Registered: Jul 2001
Location: Shambhala
economists? lol

May 1998
Volume 16, Number 5

Perils of the Dollar Standard
by Jeffrey M. Herbener

Winter's economic crisis in Asia was blamed on "go-go capitalism" and "crony capitalism," but those explanations don't get to the root cause. The Asian meltdown stems from structural defects deep within the world monetary system itself. These are defects that no amount of bailouts, exchange controls, IMF power, or even U.S. monetary discipline can repair.

Crushing price inflation in Indonesia most dramatically illustrates the monetary dimension. From the summer 1997 to early 1998, the rupiah lost 75 percent of its purchasing power against the dollar and domestic prices for basic necessities skyrocketed. Rice was up 36 percent, cooking oil 40 percent, milk 50 percent, and electricity 200 percent. This sparked runs on stores, a drought of investment, growing exodus of businesses, a collapse of the banking system, massive layoffs, violence and riots, soaring interest rates, and sinking stock and real estate markets.

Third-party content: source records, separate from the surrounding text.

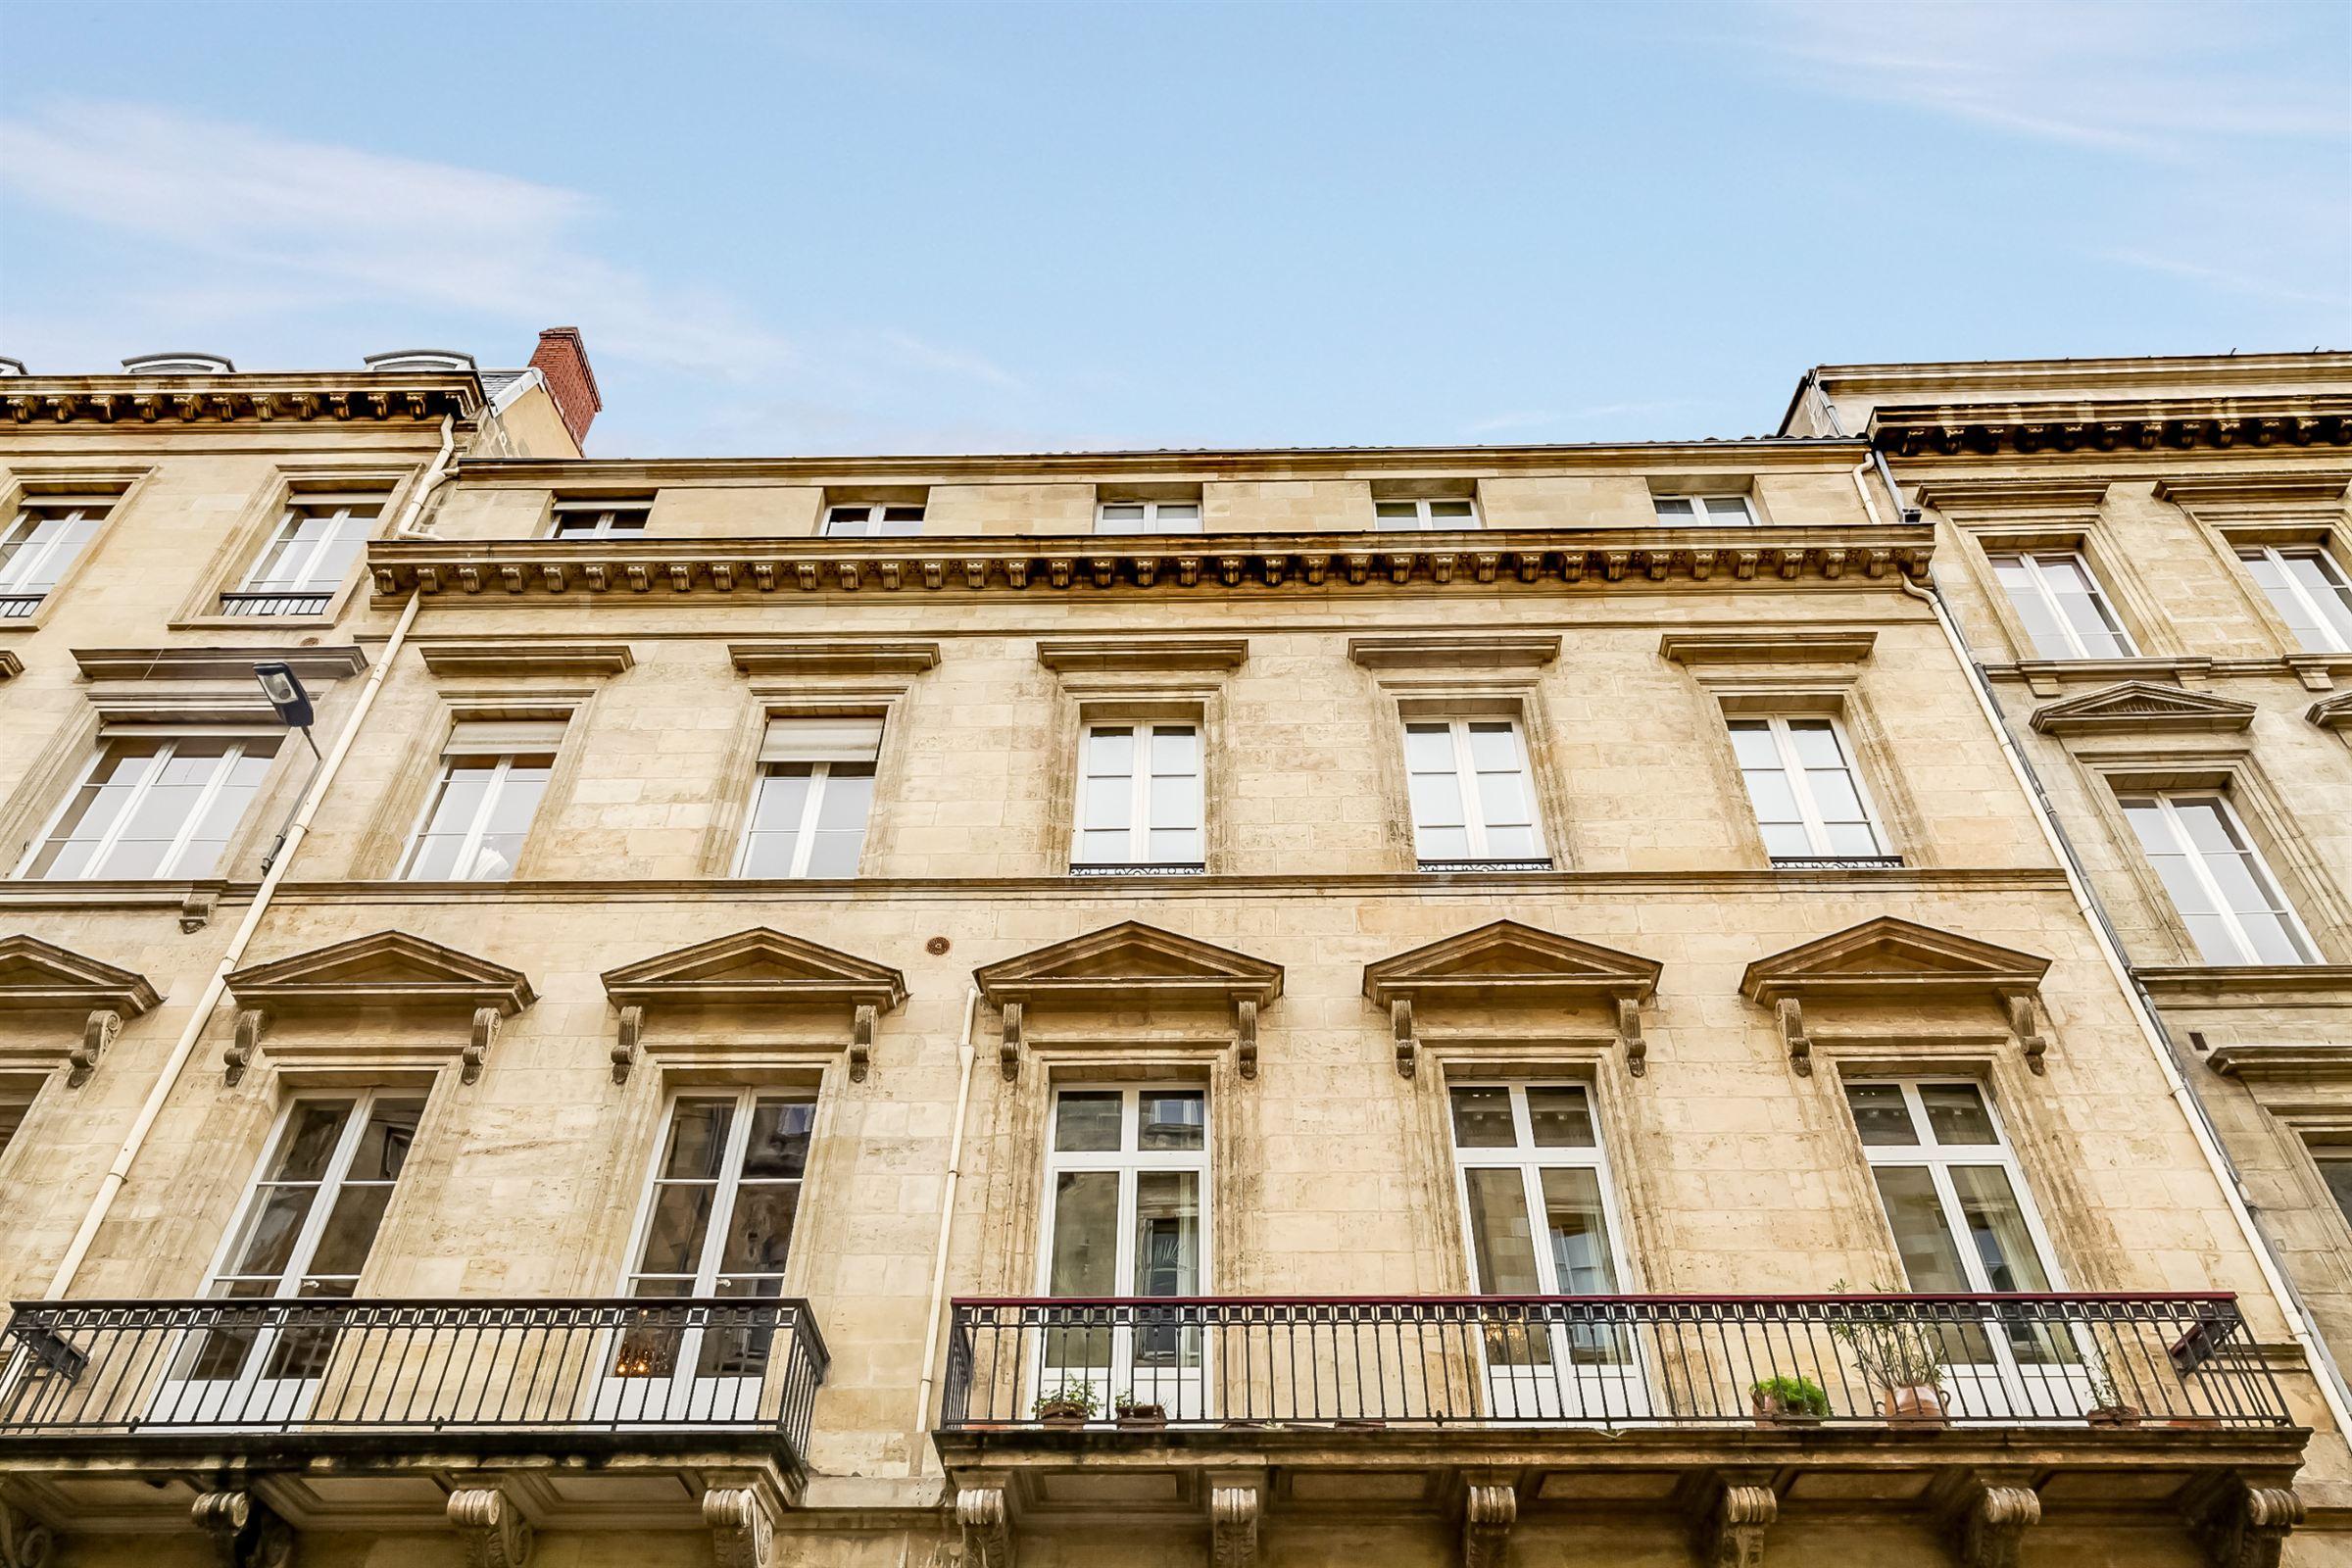 Apartment for Sale at BORDEAUX DOWNTOWN - RARE 18TH CENTURY APARTMENT WITH INDEPENDENT STUDIO Bordeaux, Aquitaine, 33000 France
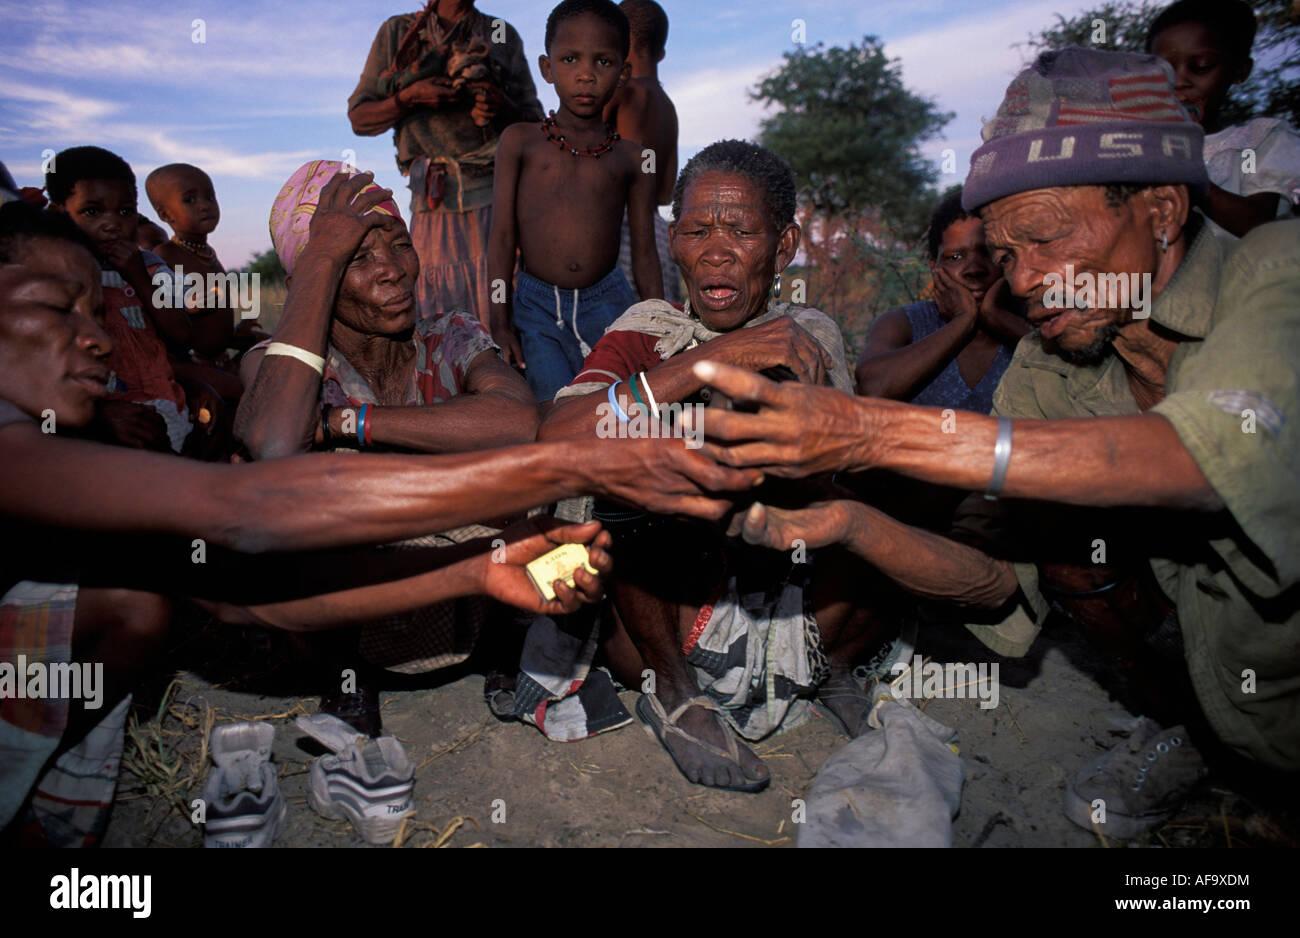 Old Kua bushman people smoking pipe, Molapo, Central Kalahari Game Reserve; Botswana - Stock Image
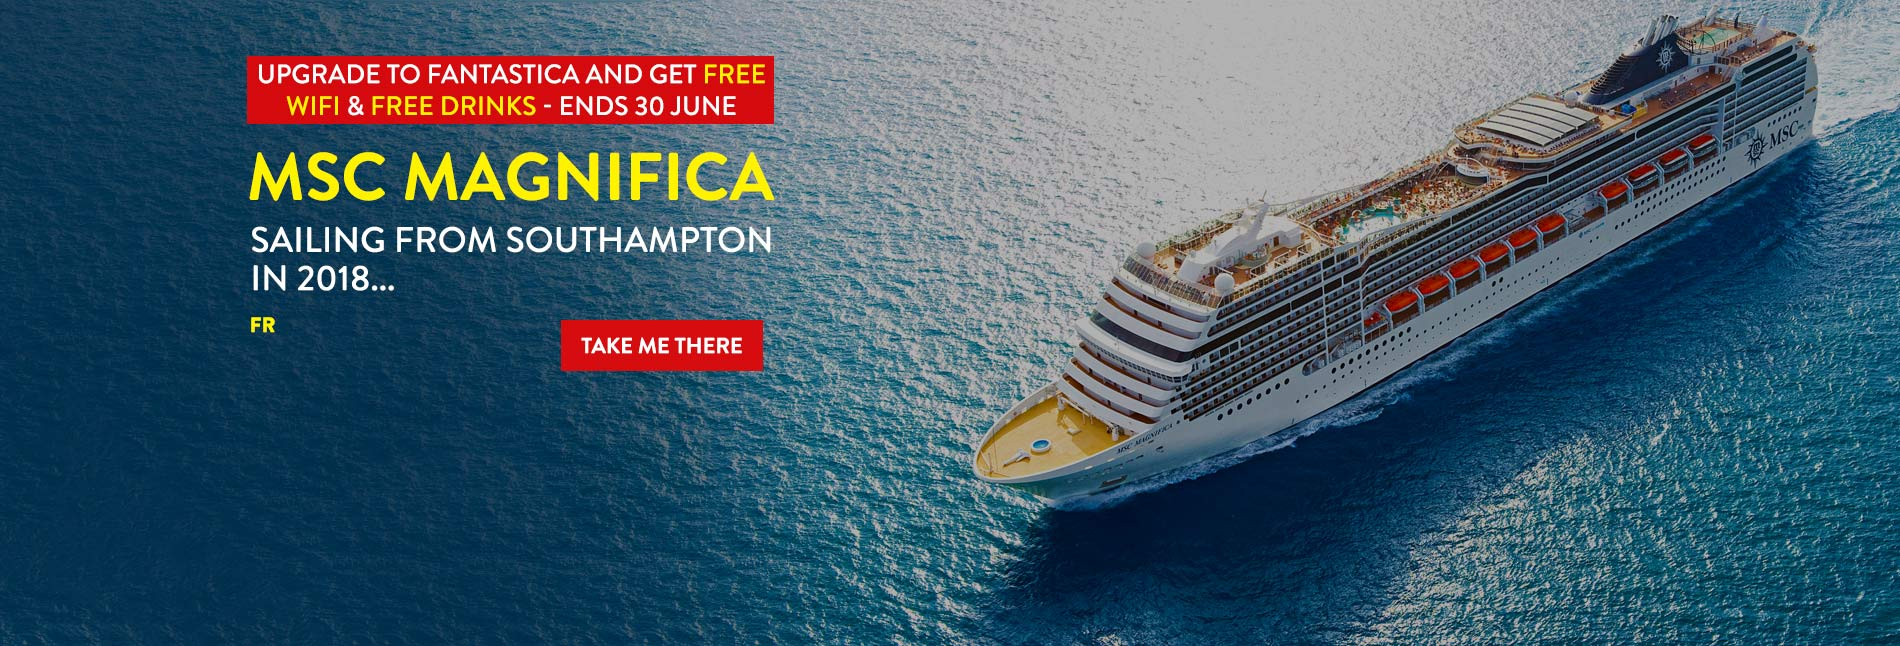 MSC Magnifica Cruise Deals

The Suharto regime froze prices for basic foodstuffs, mandated wage increases, allowed a few bank mergers, sent troops into the streets to quell unrest, and suggested a debt moratorium. The IMF pressed Indonesia to raise taxes to balance its budget, adopt American-style bankruptcy laws, and bail out bad debt to the tune of $43 billion. But this Suharto-IMF onslaught only aggravated a desperate situation by short-circuiting market forces.

If it hasn't helped Indonesia, what is the point of the IMF plan? It is designed to enforce the international dollar-reserve system deemed essential to U.S. interests. U.S. banks and companies will be relieved of some of their losses by the massive bailout. But more importantly, the IMF is part of the attempt to maintain American monetary and economic hegemony by ensuring that the ravages of price inflation stay far from America's shores.

This is no mean feat considering the massive monetary and credit expansion engineered by the Federal Reserve in the 1990s "global" boom. From the end of 1990 to the end of 1996, the Fed used its open market operations to increase the monetary base (MB), which is currency plus bank reserves, by 55 percent. Currency itself increased 60 percent.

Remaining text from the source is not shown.